I ordered a lily pipe cleaner a few weeks ago off an ebay seller in HK. It finally arrived yesterday. So, today is canister and lily pipe cleaning day. 










It's the first time I am cleaning these since I got my tank set up in May. I probably don't need to clean my canister yet as there's no resistance to the flow. However, I question how well it is keeping my water crystal clear since it's probably filled with shrimp sand especially the bag of Purigen. I stirred up quite a bit of sand during my transition from 60F to 60P a few weeks ago. Look at the black hoses. They were clear just a week ago.

Pipes are clean.










Hooked everything back up. The "black" opaque clear hose is replaced with Eheim OEM hose. The new hoses are still trying to curl up.










A few notes of observations. I have a total of 5 juvie CRS. One of them molted yesterday. Saw it today, and it's huge. Looks like it double or even tripled in size. Is that possible? It's probably as large or larger than my 6 months old Snowball mama shrimp. And, it seems the shell color gets a bit fainter after the molt. Maybe it's because of the extreme growth?

I replaced one bag worth of sintured glass media and replaced the Purigen bag today.


----------



## etane (May 14, 2012)

New tank shot.










Moved some stuff around. Added Eleocharis Acicularis. I bought a few pots but never ended up using them. Had these in a vase for the last 5 months. 

Moved all the pelia behind the larger rocks. I think eventually the pelia will get kind of big, so I don't want them in plain view. They are there for the shrimps.

I think I am getting a line for more True Rotala Indicas. When I get them, I will put them behind that rock that is behind the Eleocharis.

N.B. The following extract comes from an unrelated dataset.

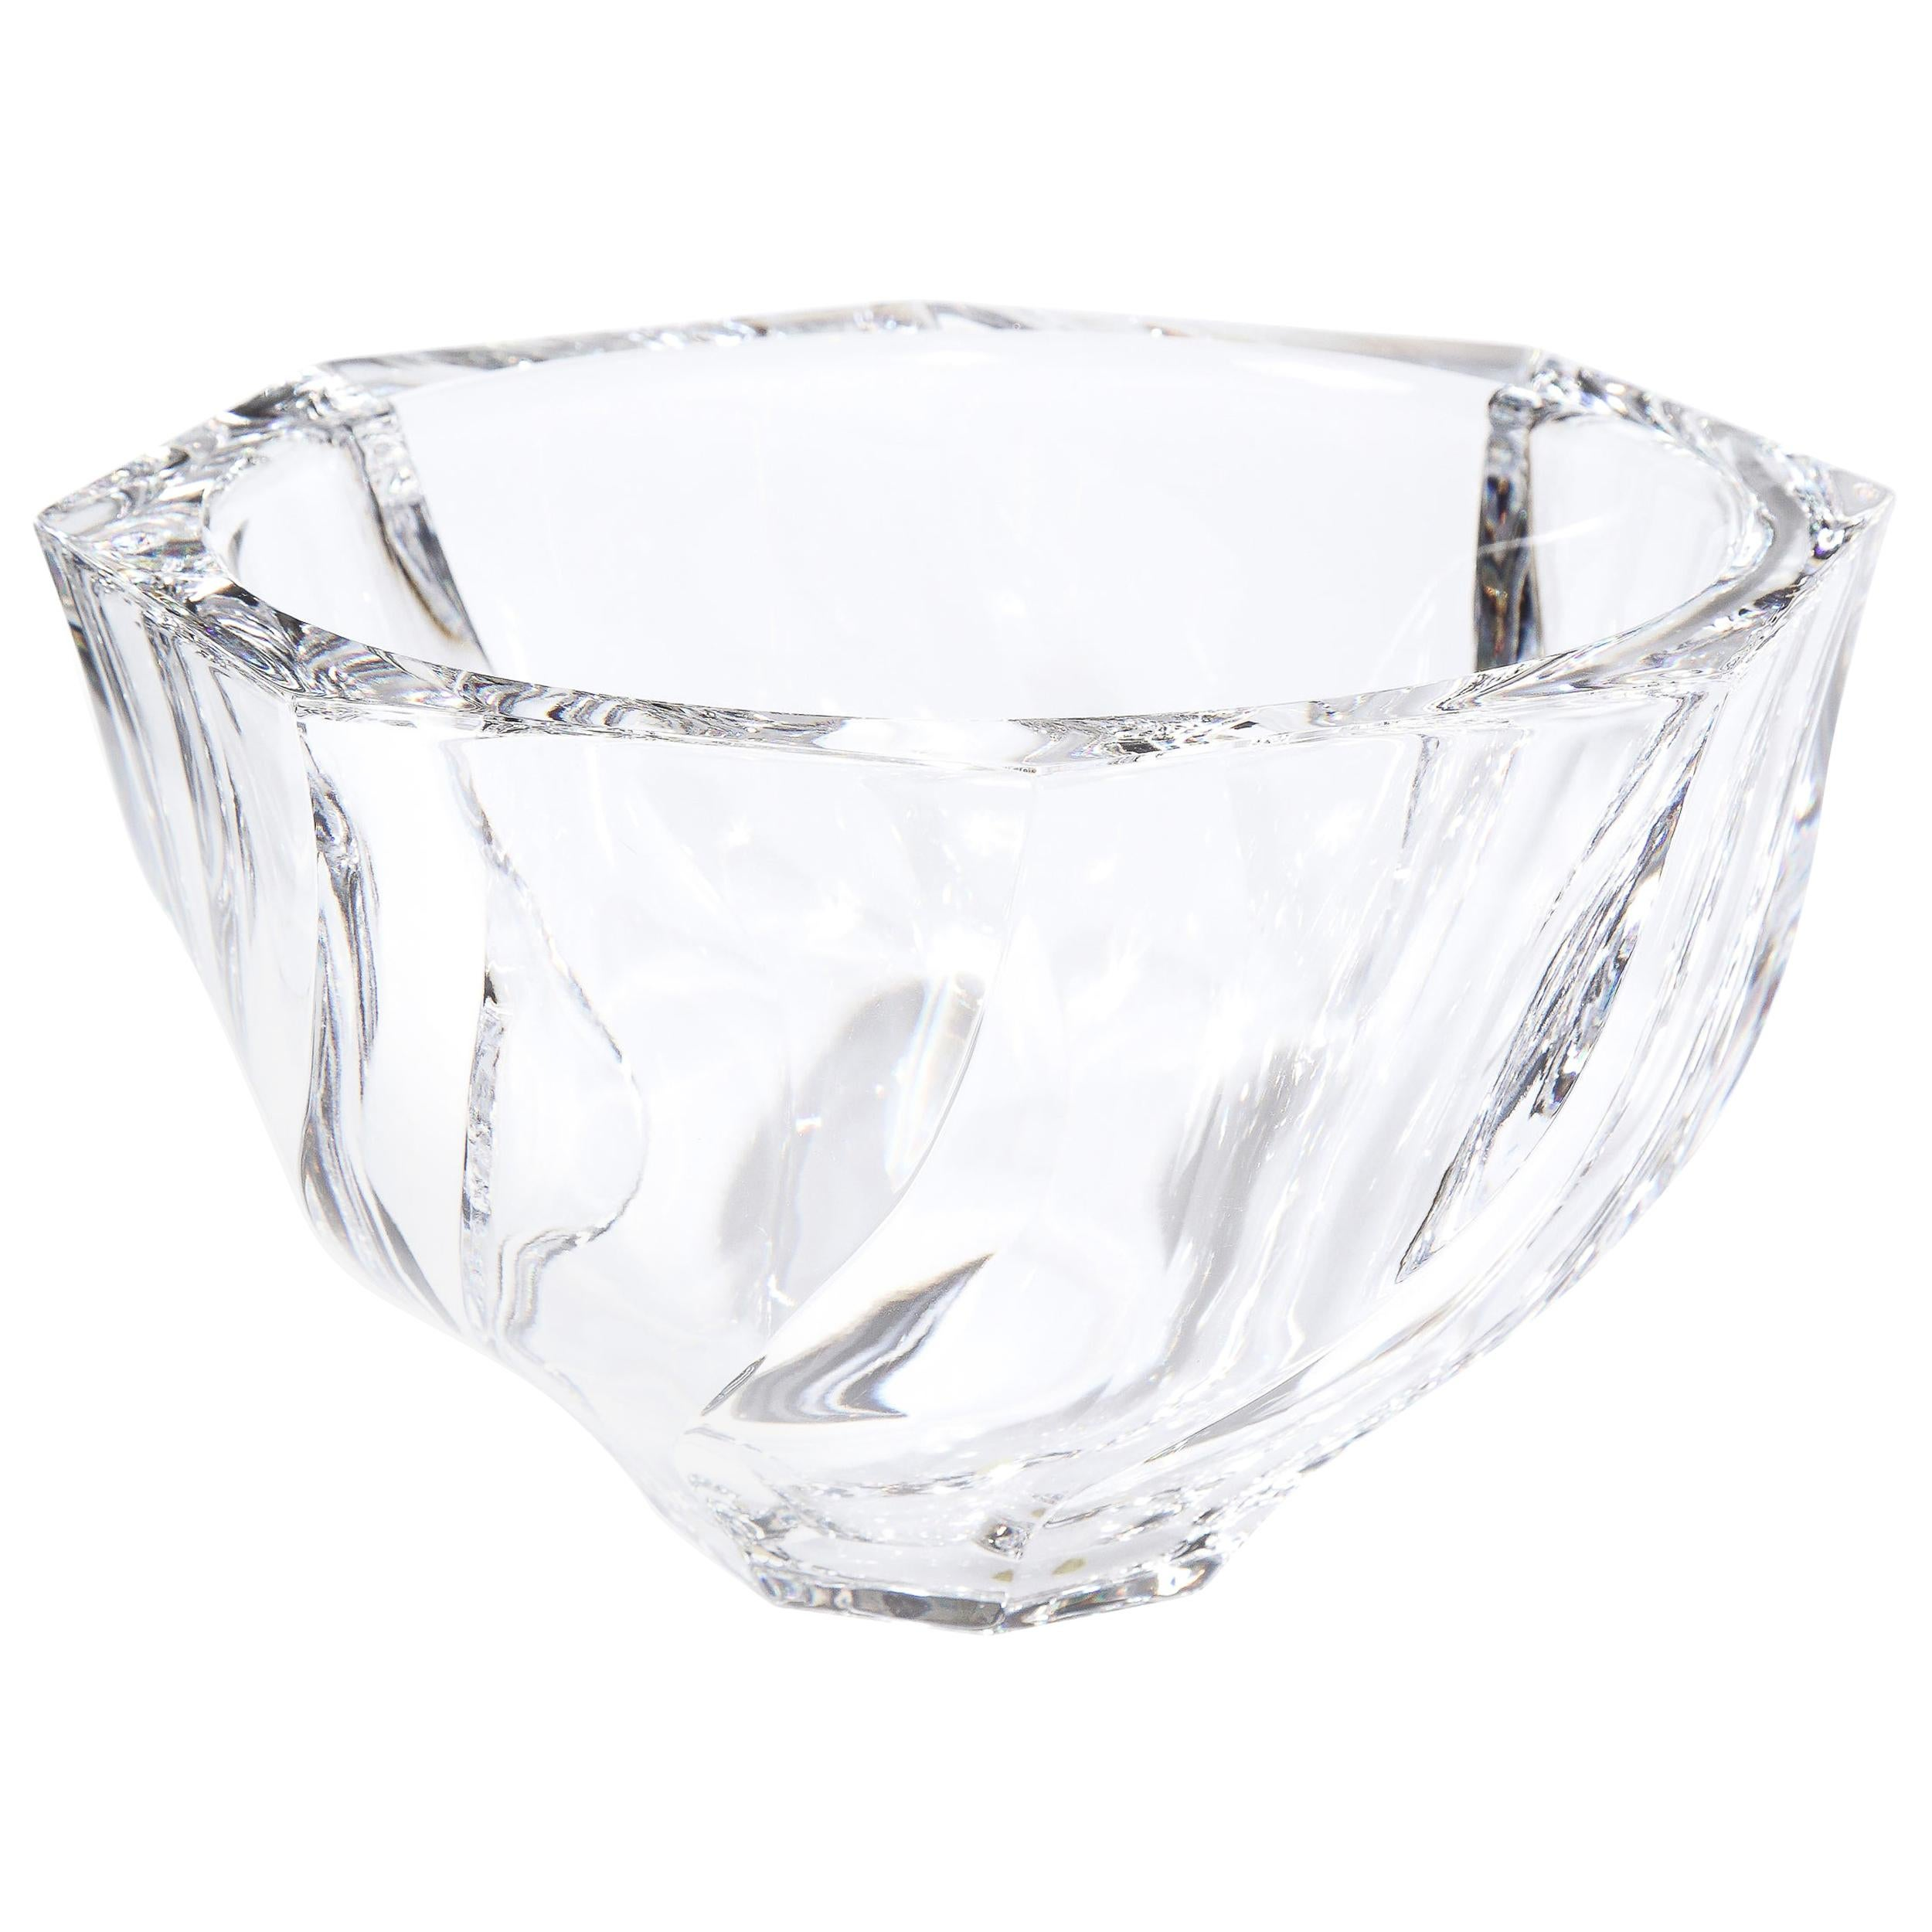 Scandinavian Modernist Faceted Translucent Glass Bowl Signed Orrefors

THEN, I think I will be done with this aquascaping thing for at least 6 months and get my sanity back.


----------



## andrewss (Oct 17, 2012)

looking good


----------



## etane (May 14, 2012)

Do I have hair algae? I just moved this plant into my tank today. It was in a small vase for the last five months with partial direct sunlight hitting it. So, I am not surprised if it did have hair algae. Can't see it with my naked eyes.


----------



## etane (May 14, 2012)

andrewss said:


> looking good


Thanks!


----------



## etane (May 14, 2012)

About a month ago, I picked up some fishes and shrimps the same time I bought the 60P. I think that was a mistake. The tank water and filter was from a used tank, so the water was cycled but only half of it was as the new tank's volume is larger than my old one, a 60F. So, 2 of 3 CRS, 3 of 8 Gertrudae and 12 of 12 Brigittae died all within 3 days of setting up the tank. Since then, I've not lost a fish. I also added 6 more shrimps a few weeks ago,. And, I've not lost a single livestock. My tank must be fully cycled.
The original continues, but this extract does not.